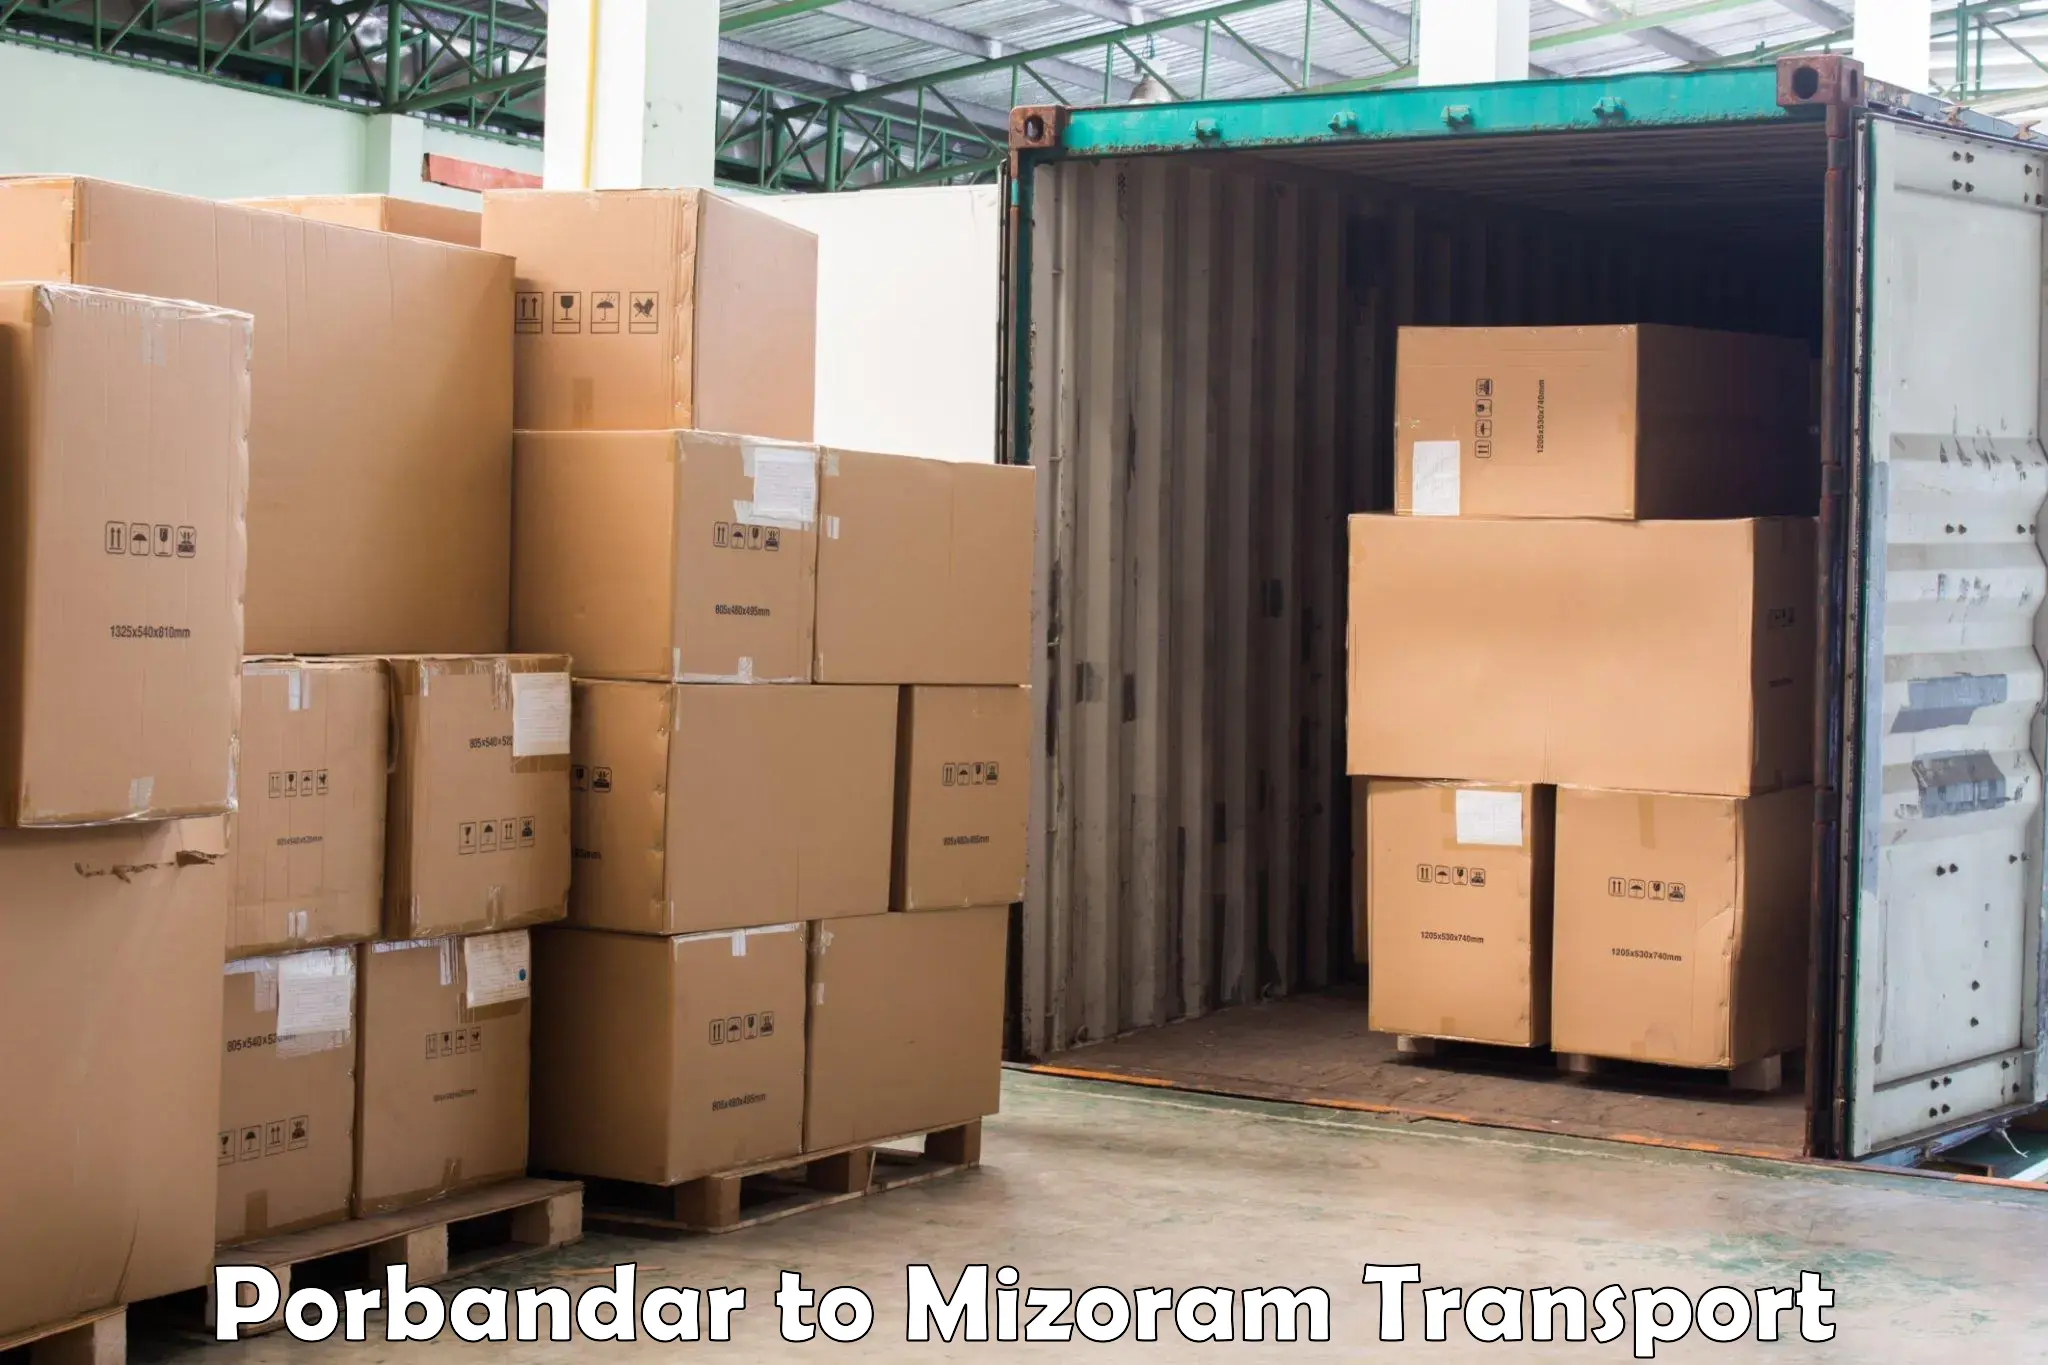 Transport bike from one state to another Porbandar to Mizoram
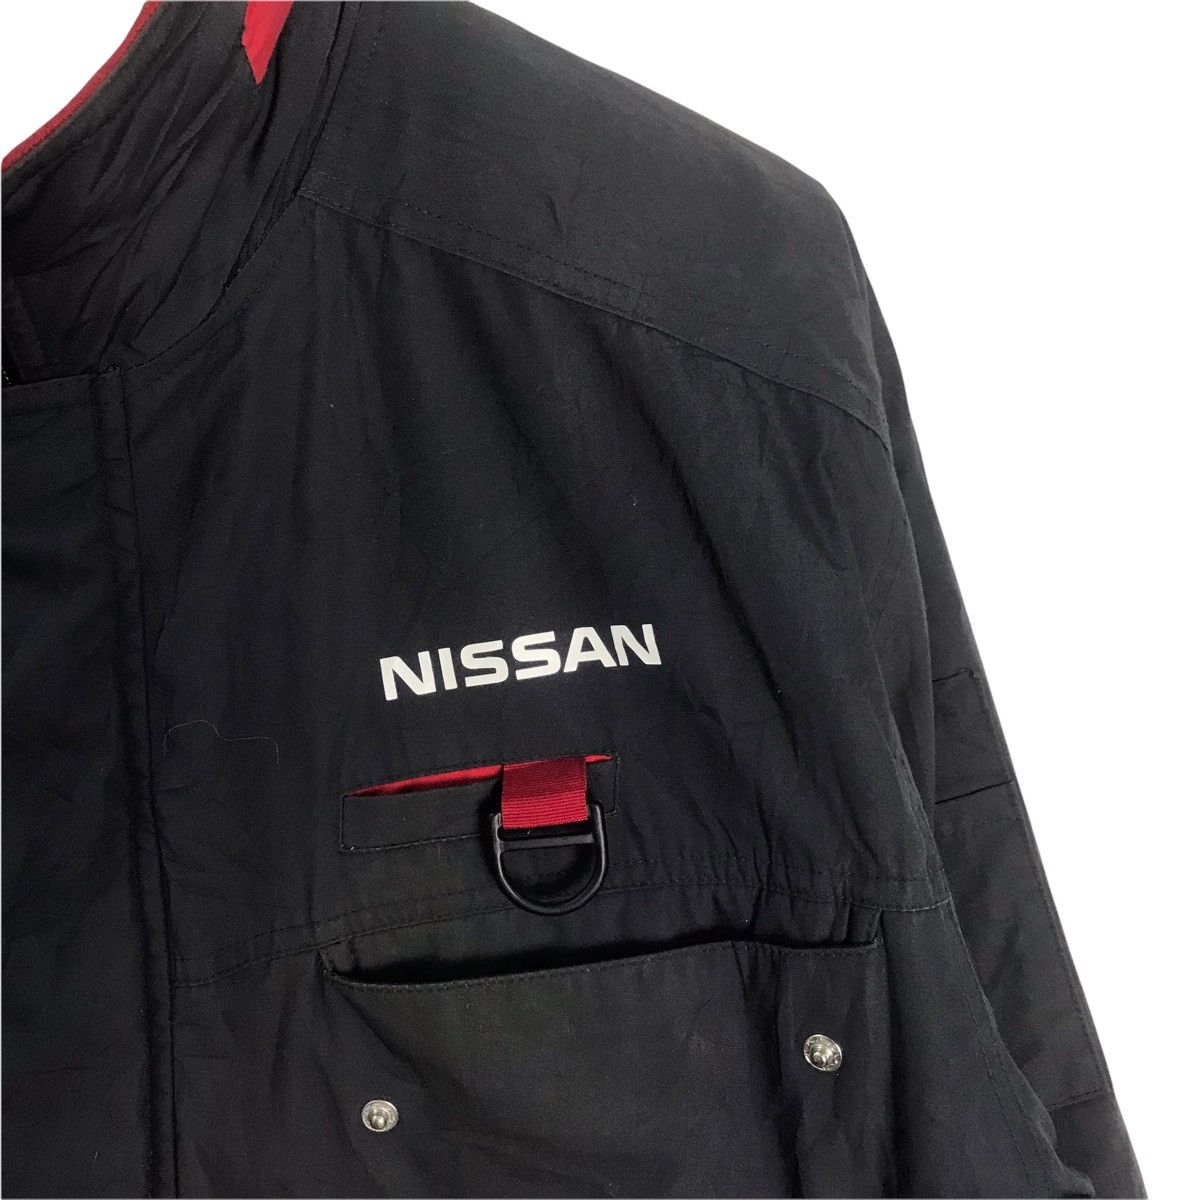 Sports Specialties - Vintage nissan Motorsport bomber jacket japan - 3
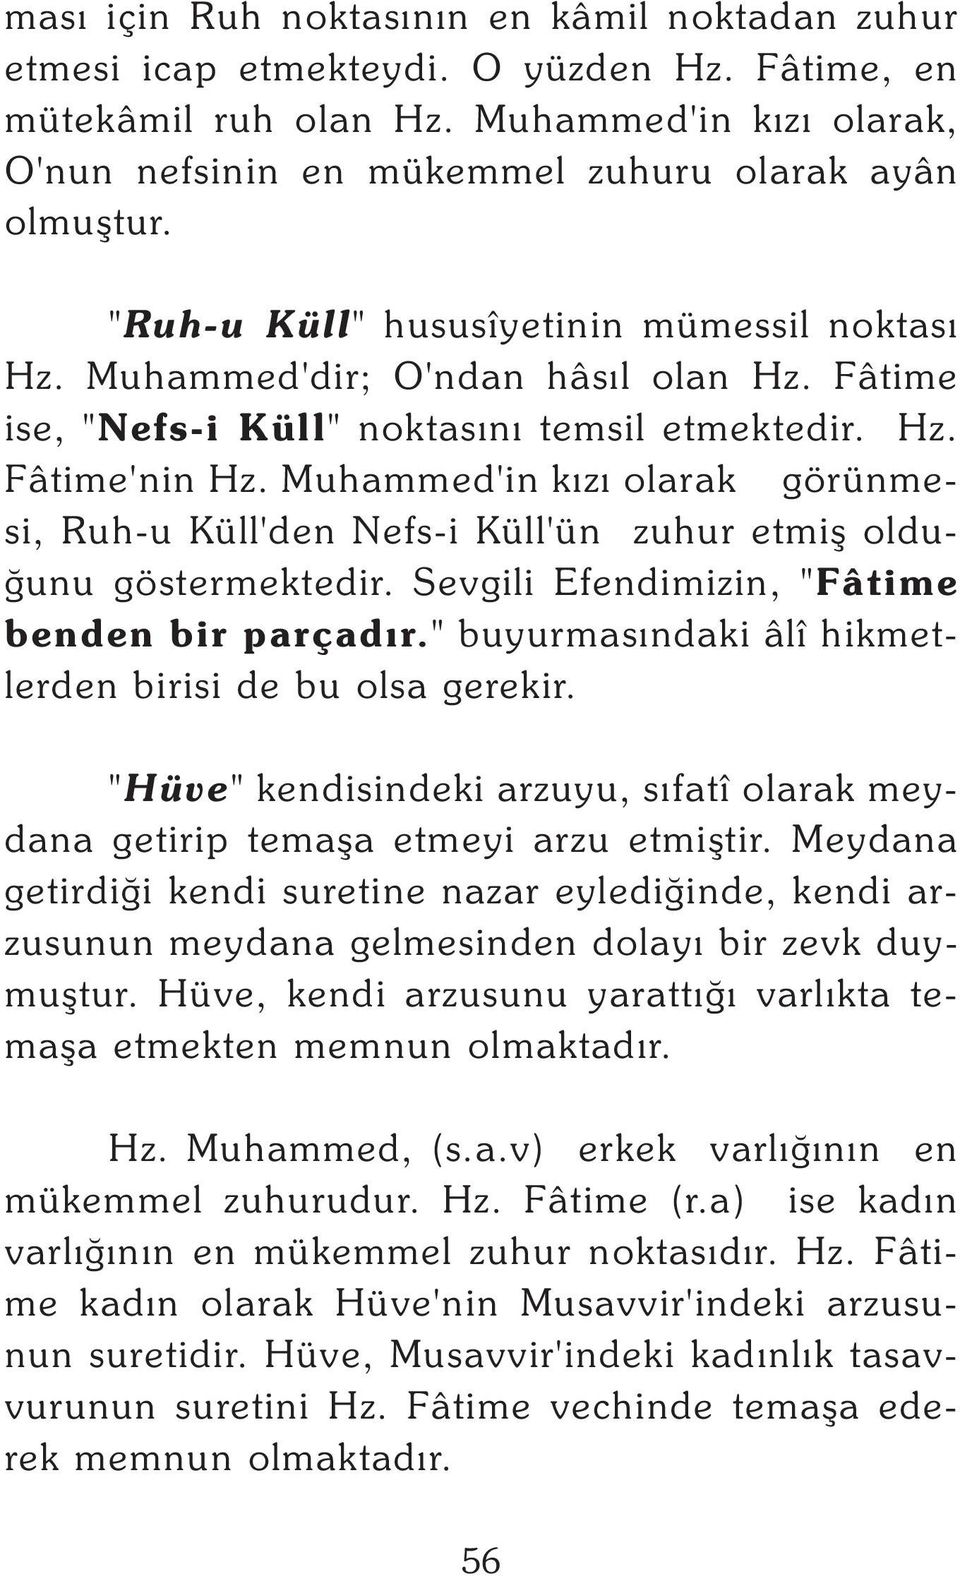 Muhammed'in kýzý olarak görünmesi, Ruh-u Küll'den Nefs-i Küll'ün zuhur etmiþ olduðunu göstermektedir. Sevgili Efendimizin, "Fâtime benden bir parçadýr.

- **TASK DETAILS**
Here the lines from the one containing "Sports Specialties - Vintage" through the end of the material are to be copied exactly, with the pictures omitted.

- **ANSWER FOR THIS EXERCISE**
 Sports Specialties - Vintage nissan Motorsport bomber jacket japan - 3
 Muhammed'in kýzý olarak görünmesi, Ruh-u Küll'den Nefs-i Küll'ün zuhur etmiþ olduðunu göstermektedir. Sevgili Efendimizin, "Fâtime benden bir parçadýr.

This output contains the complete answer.